Recent advice on how to prevent fetal alcohol syndrome from the Centers of Disease Control and Prevention has prompted a backlash.
The CDC report warned that "more than 3 million U.S. women are at risk of exposing their developing baby to alcohol because they are drinking, having sex, and not using birth control to prevent pregnancy."
Therefore, it said women should avoid alcohol if they are sexually active and not using birth control.
"Alcohol can permanently harm a developing baby before a woman knows she is pregnant," CDC Principal Deputy Director Dr. Anne Schuchat, said in a statement. "About half of all pregnancies in the United States are unplanned, and even if planned, most women won't know they are pregnant for the first month or so, when they might still be drinking. The risk is real. Why take the chance?"
But the warning has not been well received by many women who called the advice sexist and condescending.
"You may think you're just another carefree young woman, casually sipping mimosas at brunch or having a glass of wine at the end of a long day. But you're not. According to the CDC's new recommendation, you're a potential fetal incubator -- a fact you should be aware of, and planning around, at all times," Jessica Roy wrote in a piece for the Los Angeles Times.
An Atlantic headline on the topic sardonically warns women: "Protect Your Womb From the Devil Drink."
While the message from the CDC is well-intentioned, as certainly some women may be unaware of the risks of alcohol use during the early weeks of pregnancy, the tone of the message touched a nerve.

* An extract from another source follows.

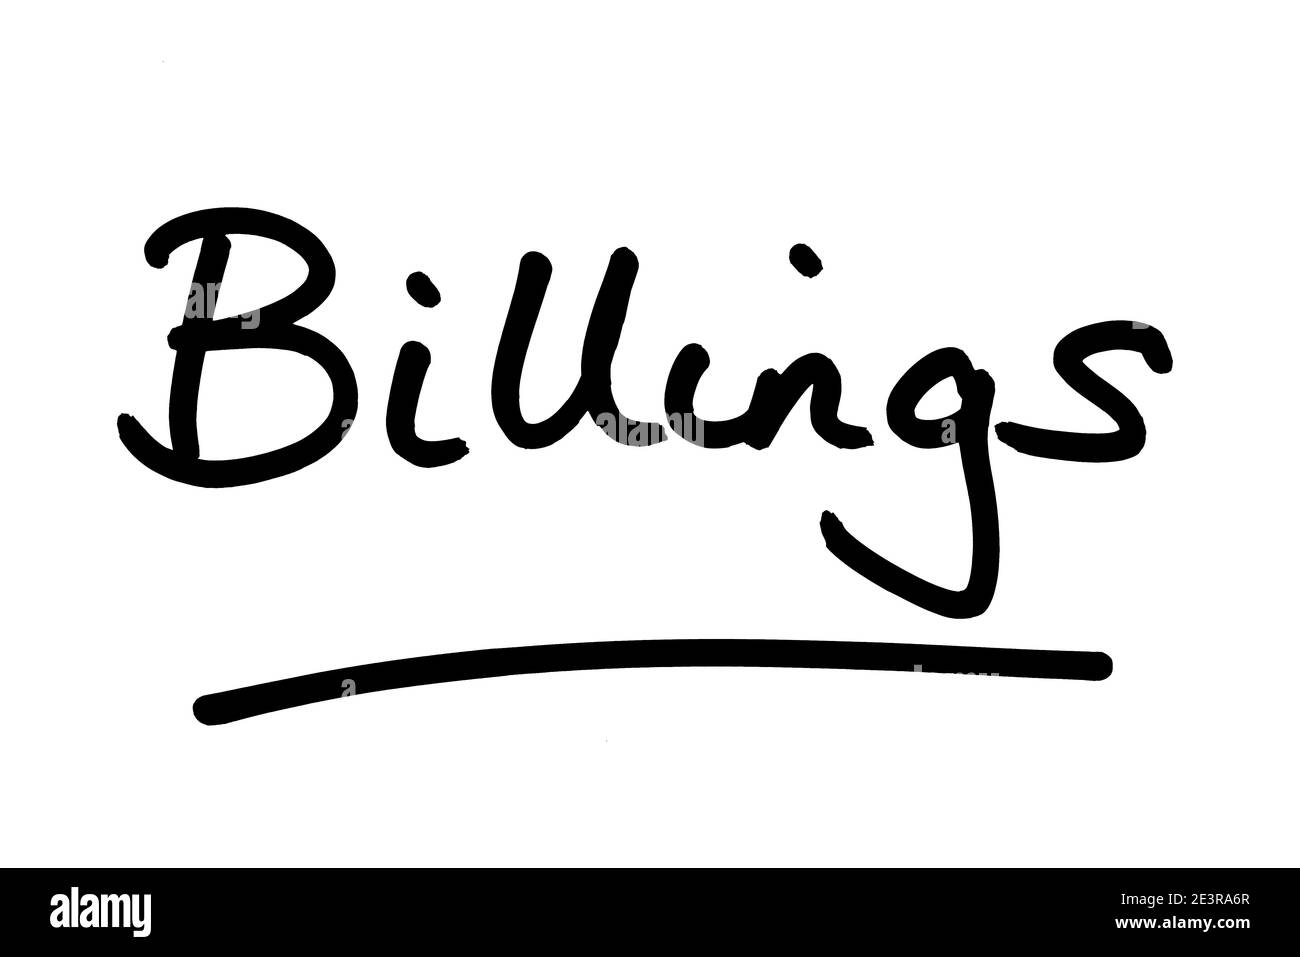 Billings - a city in the state of Montana in the United States of America. Stock Photo

Many commentators argued that instead of telling women of child-bearing age not to drink if they're not using contraception, government officials should make birth control more accessible.
Additionally, the CDC report warns that drinking alcohol can make a woman more vulnerable to violence and sexually transmitted diseases. But many critics were quick to point out there is no warning to men that drinking can lead to these outcomes.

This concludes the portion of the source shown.